On Mon, Nov 05, 2001 at 06:47:17AM -0800, Simon Peyton-Jones wrote:
> indeed, it's a stream of lexemes that gets passed to L, so 
> there's no whitespace anyway

The report says:

    The input to L is:
        * A stream of tokens as specified by the lexical syntax in the
          Haskell report, with the following additional tokens:

immediately before where I suggested "token" be changed to "lexeme".

I think I prefer this for a descriptive algorithm as it means you can do
things like the figures in section 2.7 (Layout).

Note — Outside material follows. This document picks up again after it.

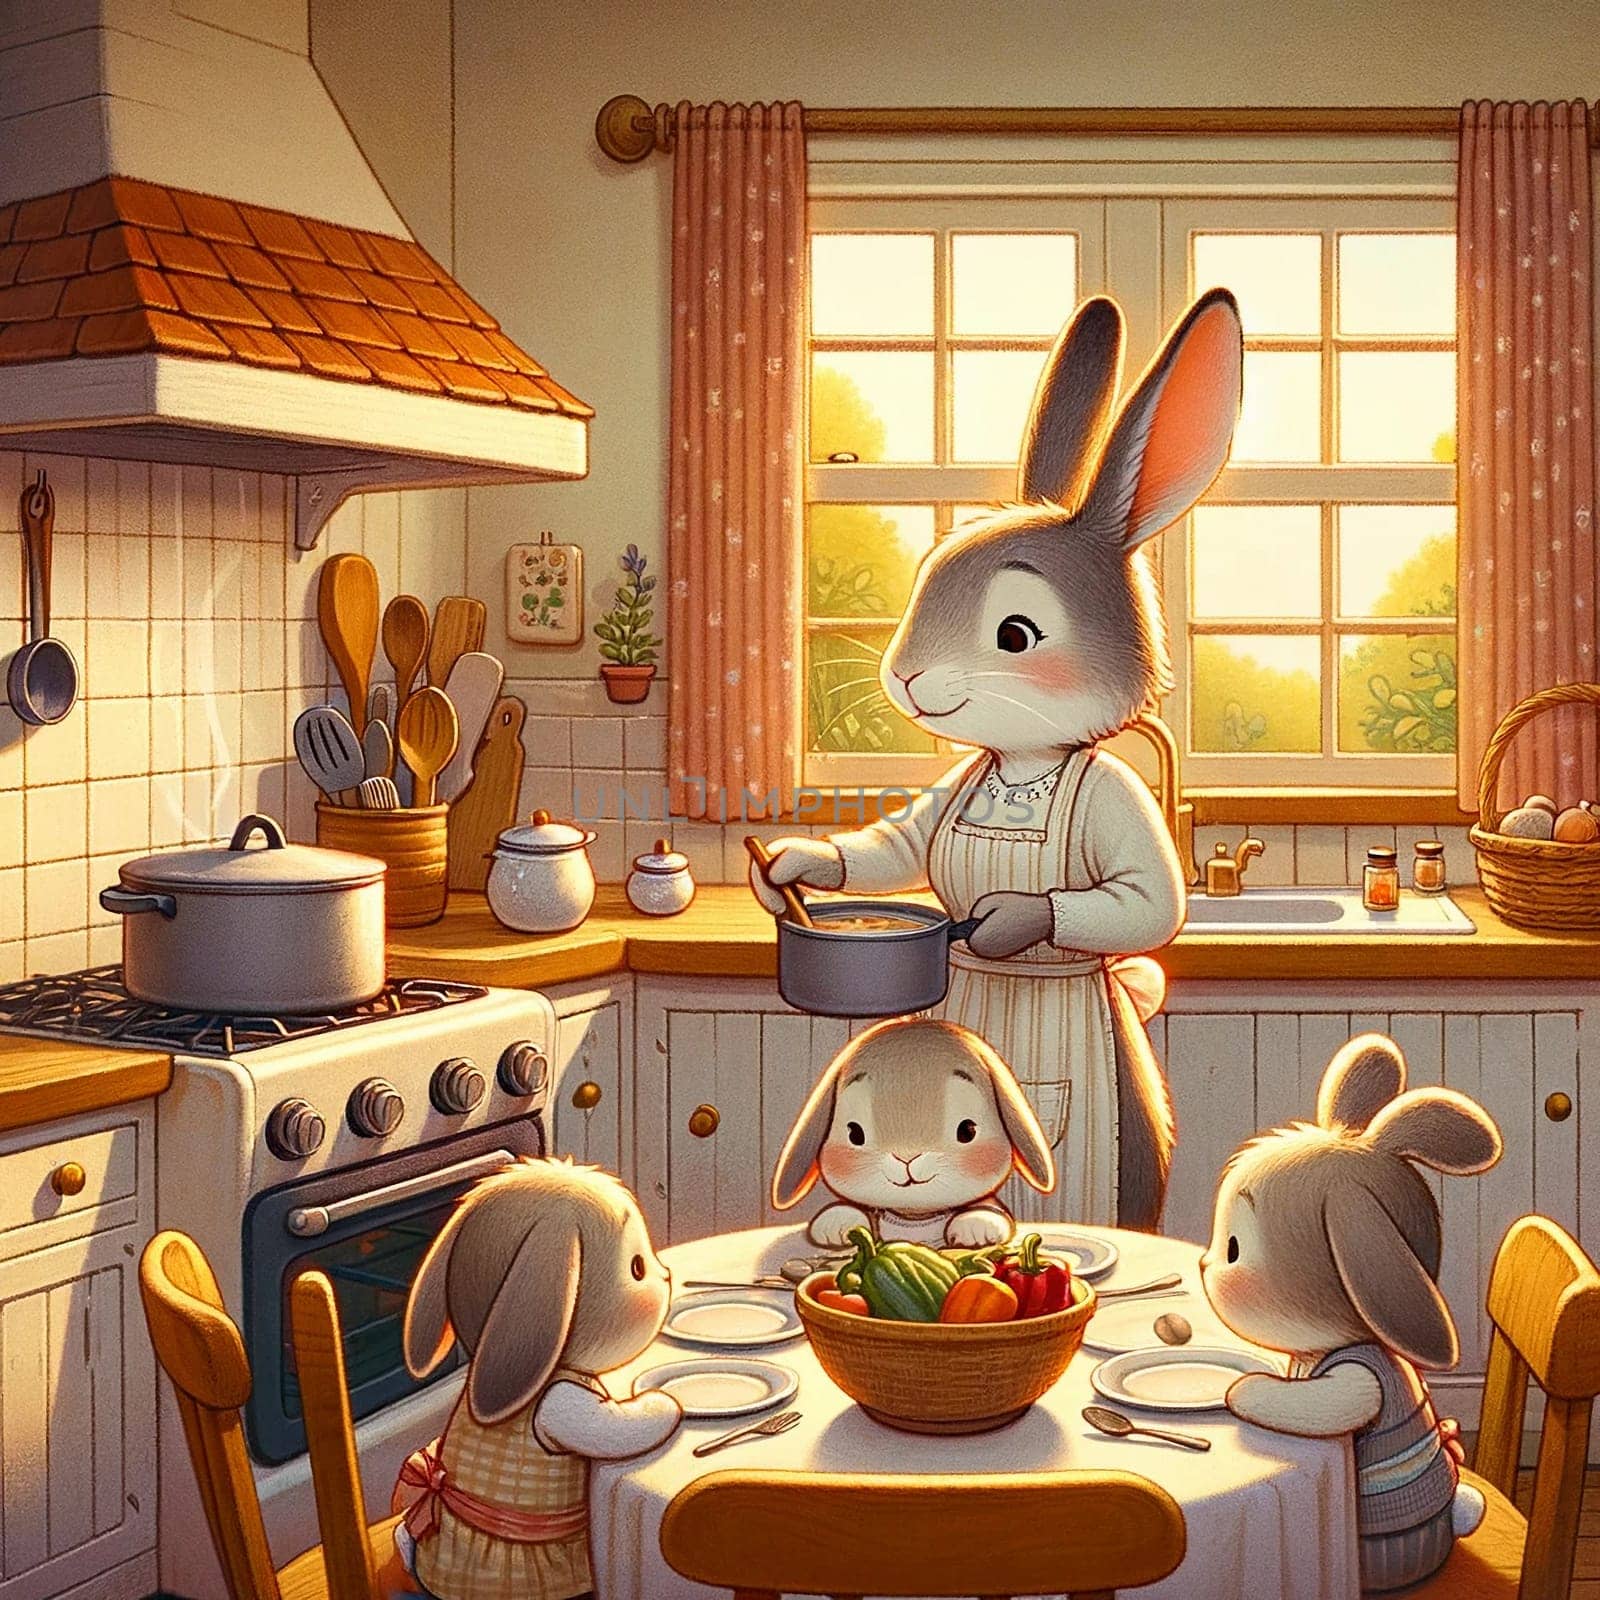 A mother rabbit wearing an apron stands at the stove, stirring a meal for her four children in a cozy kitchen.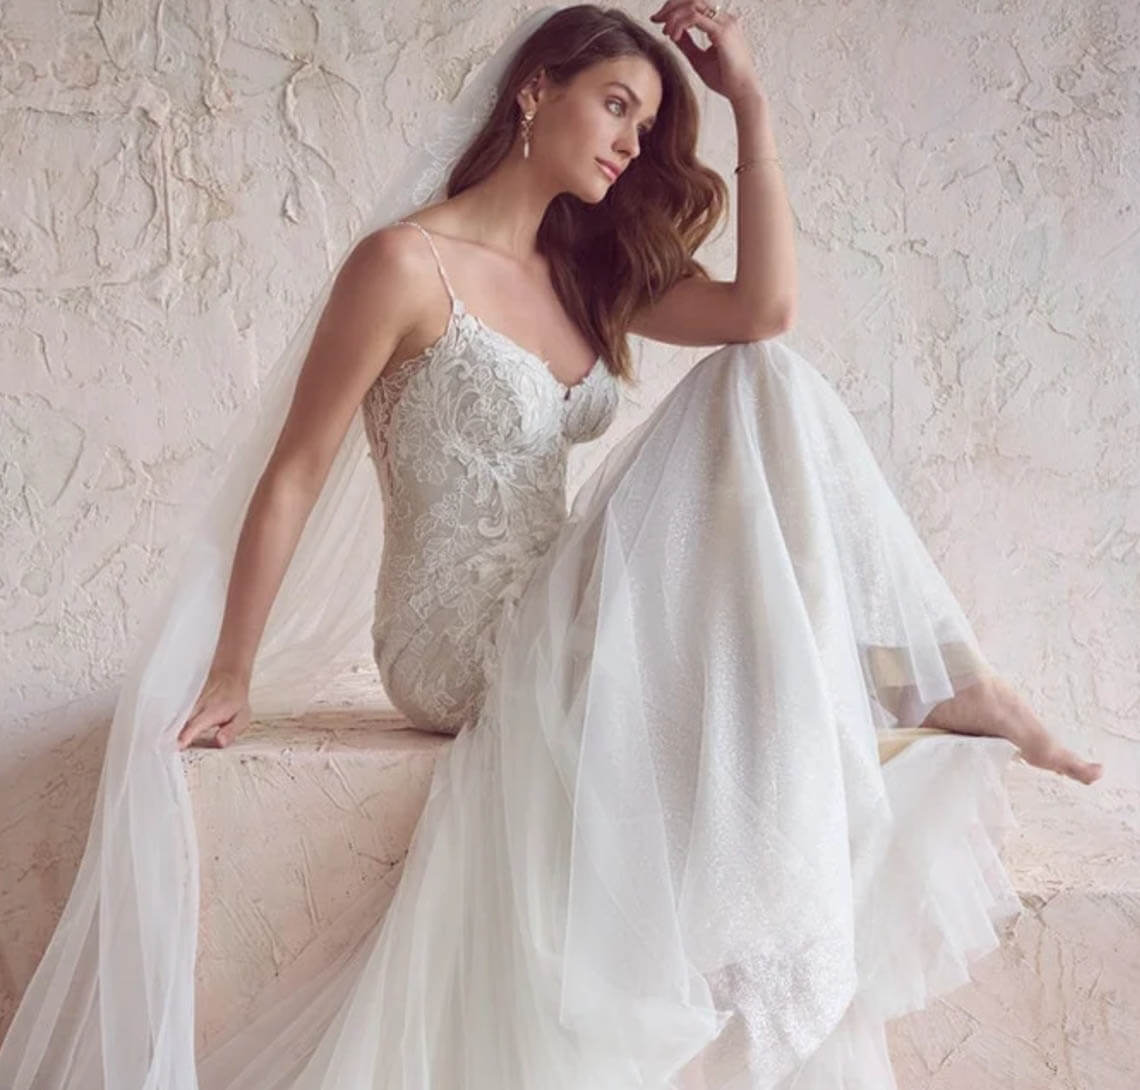 Model wearing a white gown by Maggie Sottero. Mobile image

> |   L (t:ts) ms       = L ts ms               if t is whitespace

Bah, I *really* meant

      L (t:ts) ms       = t : L ts ms           if t is whitespace

:-)


Also, the line

      L (}:ts) (0:ms)   = } : (L ts ms)

should be

      L (}:ts) (m:ms)   = } : (L ts ms)         if m == 0
                        = error "Implicit block explicitly closed"
                                                otherwise

or the } will get allowed through by

      L (t:ts) ms       = t : (L ts ms)


So my complete suggested function is:

L (t:ts) []       = t : L ts []           if t is whitespace
                  = error "lexeme outside of module contents"
                                          otherwise
L ({n}:ts) (m:ms) = { : (L ts (n:m:ms))   if n > m
                  = { : } : (L ts (m:ms)) otherwise
L (<n>:ts) (m:ms) = ; : (L ts (m:ms))     if m = n 
                  = } : (L (<n>:ts) ms)   if n < m 
                  = L ts (m:ms)           otherwise 
L (t:ts) (m:ms)   = } : (L (t:ts) ms)     if m /= 0 and parse-error(t) 
L (}:ts) (m:ms)   = } : (L ts ms)         if m == 0
                  = error "Implicit block explicitly closed"
                                          otherwise
L ({:ts) ms       = { : (L ts (0:ms))
L (t:ts) ms       = t : (L ts ms)
L [] [0]          = []
L [] (m:ms)       = } : L [] ms           if m /= 0


Thanks
Ian